It’s Equal Pay Day. Here are strategies for how to negotiate a better salary
When she started her career, Andee Harris was happy just to have a job. She took the first salary offered, no questions asked.
Years later, Harris knows better, but she wishes she had known it then.
“Women always underestimate their skill set and what they’re worth,” said Harris, chief engagement officer at HighGround, an employee engagement software developer based in Chicago. “We take what we’re given and don’t think about this as a process, and that starts us off from a point of disadvantage.”
Failure to negotiate salary — and the cascading effect that has as a career progresses — is one of several factors cited when trying to explain why women earn less than men across many industries.
Women, on average, earned 80 cents for every dollar men earned in 2015, a penny improvement over 2014, according to the National Partnership for Women and Families. That’s based on Census data on median annual salary for full-time year-round workers.
Tuesday is Equal Pay Day, which symbolizes how far into the new year women must work to earn what men earned in the previous year alone.
Some of the pay gap stems from the concentration of women in low-paying industries and occupations, and their rarity in executive ranks. The disparity shrinks considerably in analyses that control for factors such as years of experience, education, skills and management responsibilities. Taking those factors into consideration, women in California earned 2.3% less than men in 2015, according to data released in December by PayScale.
Here’s some advice from four women on how to negotiate for more money effectively.
Start early
Young women who start their careers at low pay often find it haunts them as they move up the ladder, as raises and new offers tend to be based on prior salary.
Harris encourages young women to be savvy from job No. 1.
They should go into a negotiation with an understanding of their skill level, confidence that they can do the job and data on what that job should pay. Companies such as PayScale and Glassdoor have lots of market pay data. To further aid negotiations, last year Glassdoor launched a tool called Know Your Worth that calculates your market worth based on your employer, location, education, years of experience and other details.
At higher levels, Harris recommends having an attorney review a contract, especially when compensation packages involve stock options. She has noticed men are more willing than women to bring in an attorney, which she thinks is because women are afraid of being perceived as threatening.
Harris said it also has been helpful for her to confer with a group of close friends in the same profession who cheer her on: “just someone who can say, ‘You can do this.’” .
It’s not about you, it’s about them
Negotiating is much more effective when you focus on the needs and interests of the other side rather than your own, said Victoria Medvec, co-founder and executive director of the Kellogg Center for Executive Women at Northwestern University’s Kellogg School of Management.
Research your boss’ goals for the coming year and explain how you would help achieve them. Keep the conversation on the boss’ interests and avoid veering into what’s fair and not fair, because that can make the other side defensive and reduces the likelihood that you get what you want, Medvec said.

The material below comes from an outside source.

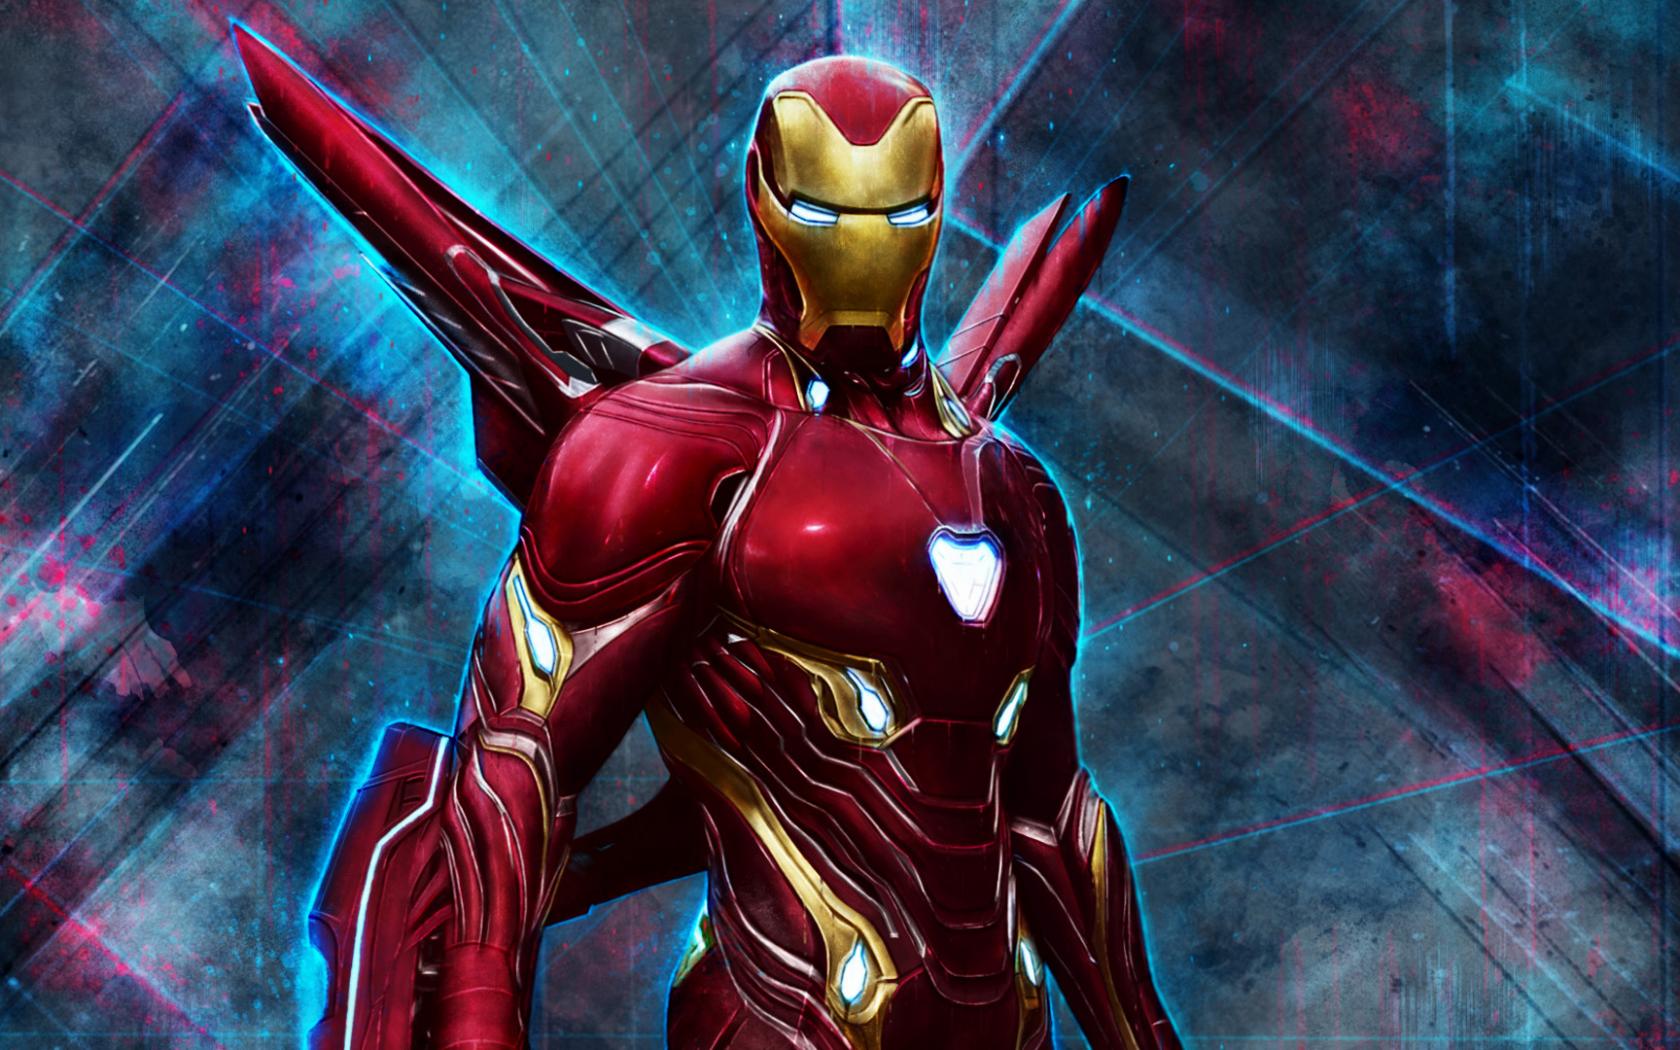 Iron Man Wallpaper with Mark L Armor Suit Wallpaper. Wallpaper Download. High Resolution Wallpaper
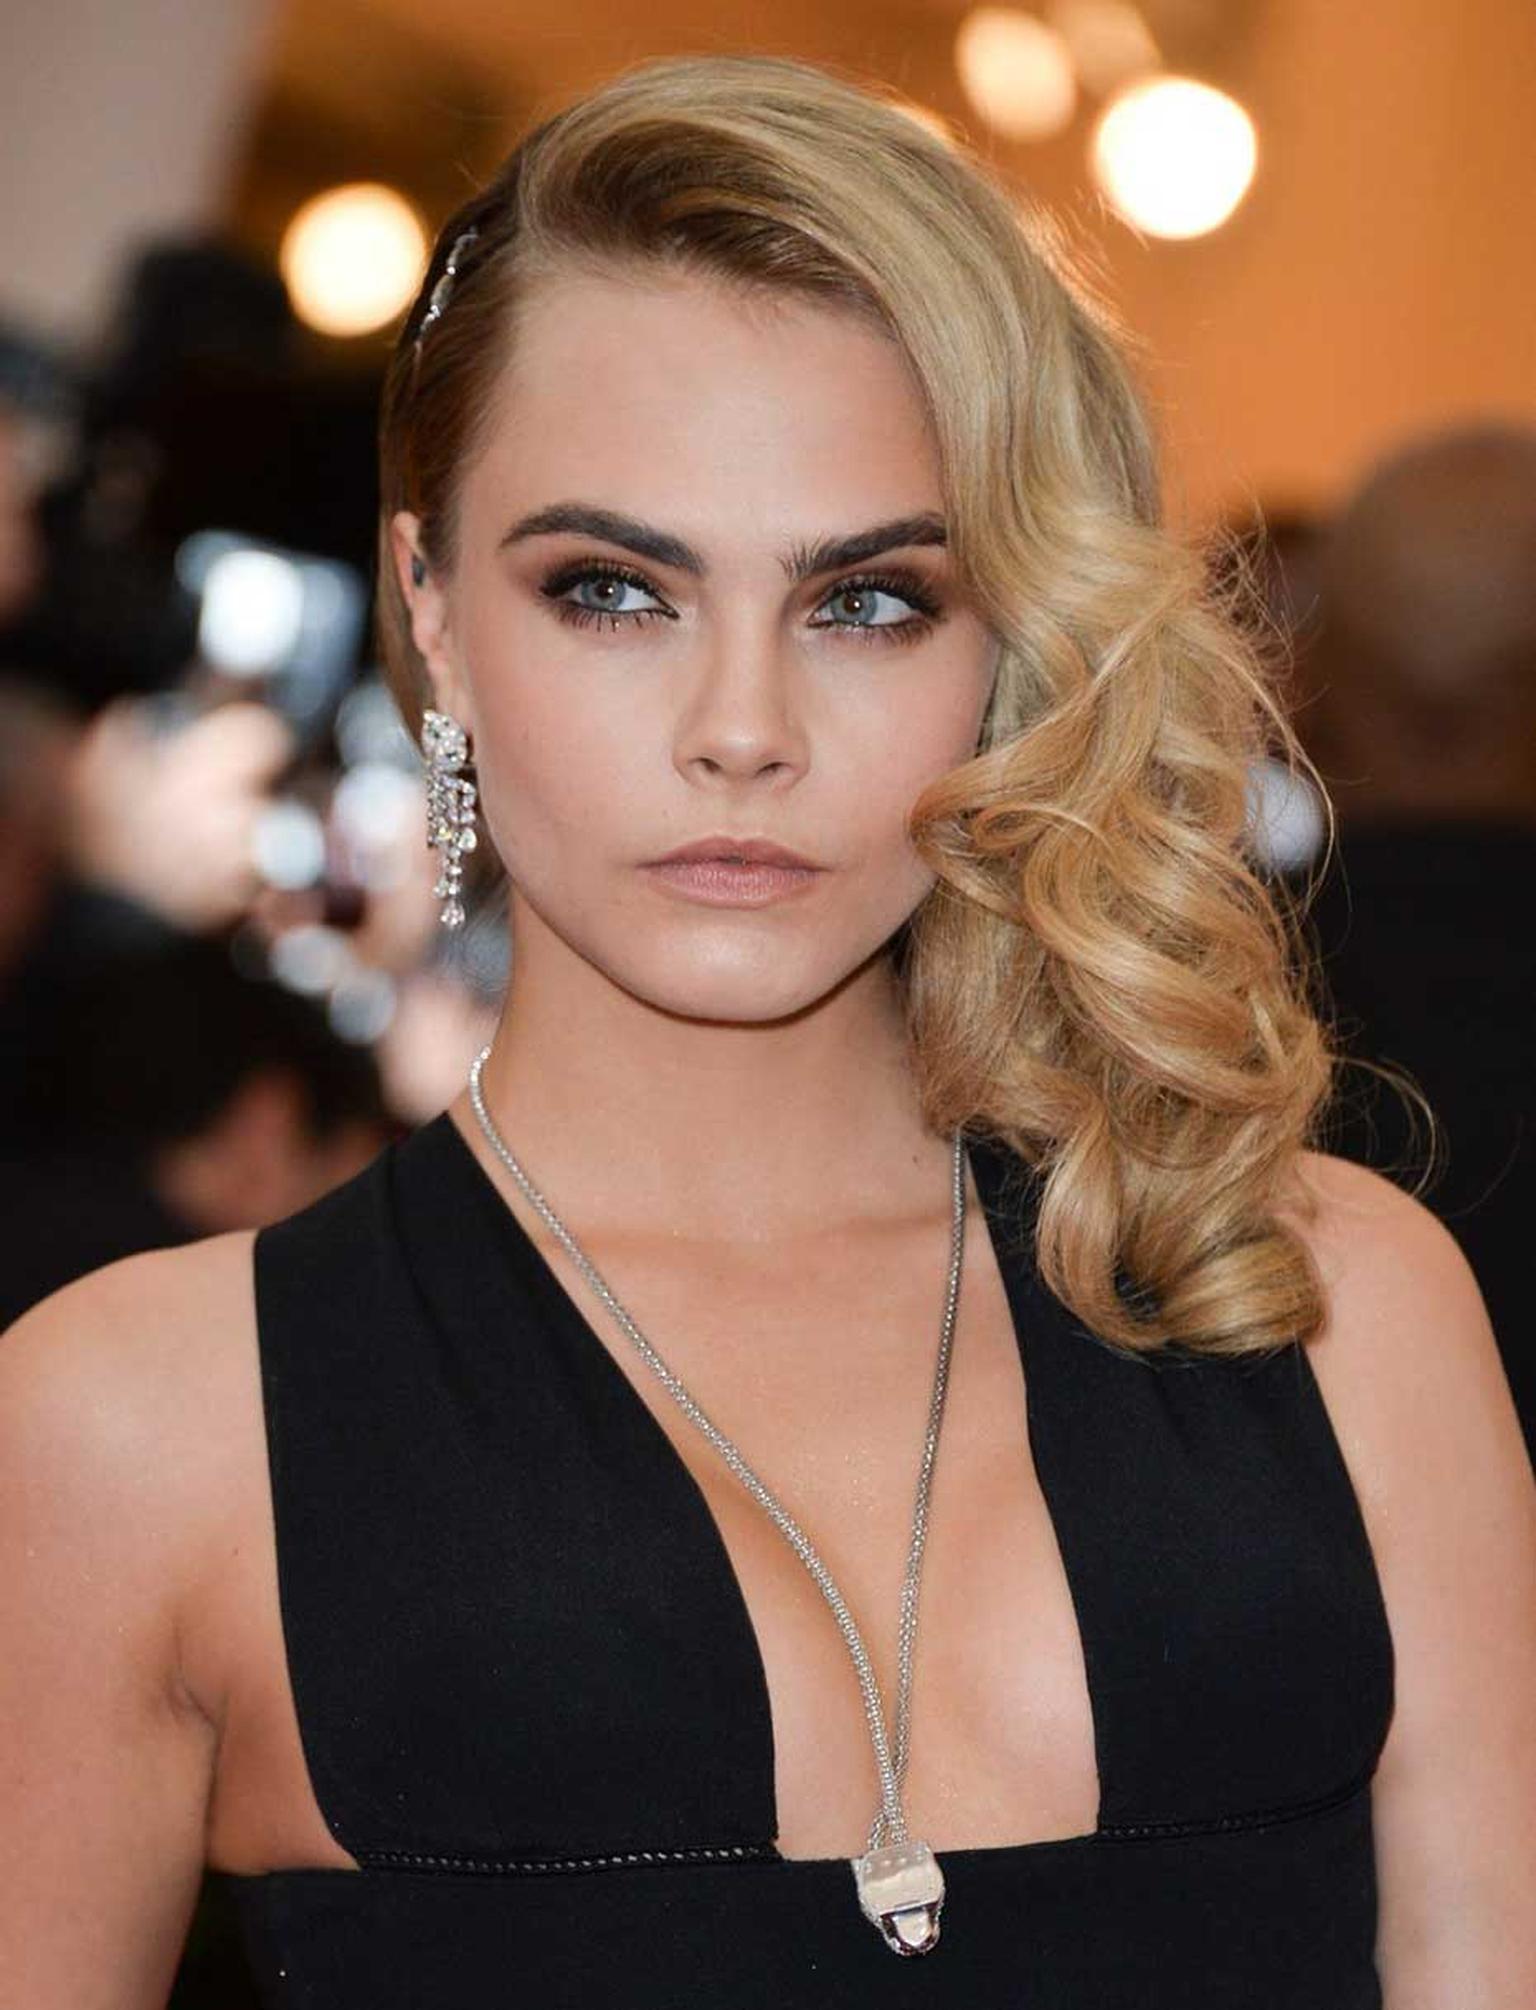 Cara Delevingne wore some of the most impressive jewels of the night, all from Cartier, including a Panthère de Cartier necklace, Panthère earrings and a diamond necklace holding her side-swept hair in place

In addition, pay should be only one part of a broader package you’re negotiating, which could include flexibility, vacation days and responsibilities, Medvec said. Aim high to leave room for your employer to concede. Women often fear a bold request will be rejected, but “no” often means you’re doing it right.
“‘No’ is the first step in negotiation,” Medvec said. “You have to see ‘no’ not as a wall, but as a window you crawl through.”
Know what you want
Since she was a child, Perry Yeatman has had the clarity to know what she wants and the confidence to ask for it — traits that can be lucrative.
“Long-term satisfaction is dependent on our ability to put on the table what you really want,” said Yeatman, founder of Your Career, Your Terms, a resource to help women move up in their careers. “The company won’t guess, so they will solve for a different problem.”
The ask should be backed by data that your performance merits giving you what you want, she said. That’s easy when you have a revenue-generating job with clear performance metrics, but many women are in support or operational roles and it’s incumbent on them to agree to clear, quantifiable measures to track performance from the outset.
It’s not just about pay
Go in with “multiple levers” you can pull as you negotiate — that can be salary, bonuses, perks, assignments or sabbaticals, said Renetta McCann, chief talent officer at Leo Burnett.
“If you go in with just one element it will be an up or down yes or no,” she said.
Remember that it is a continuing, two-way conversation. Set up a meeting with your manager to talk about pay and consider your responses to the possible reactions. Be prepared for multiple conversations.
Collect information as you go. Ask your boss how the salary you’re being offered was calculated, or what the boundaries are. Ask human resources to tell you what it can about the compensation structure.
Make a multipronged argument that merges proof of your contributions to the company with what you want to be paid.
“In my experience, men at the senior level seem more naturally inclined to merge the conversation about what their contributions are and marry that to what they think they should be paid,” McCann said.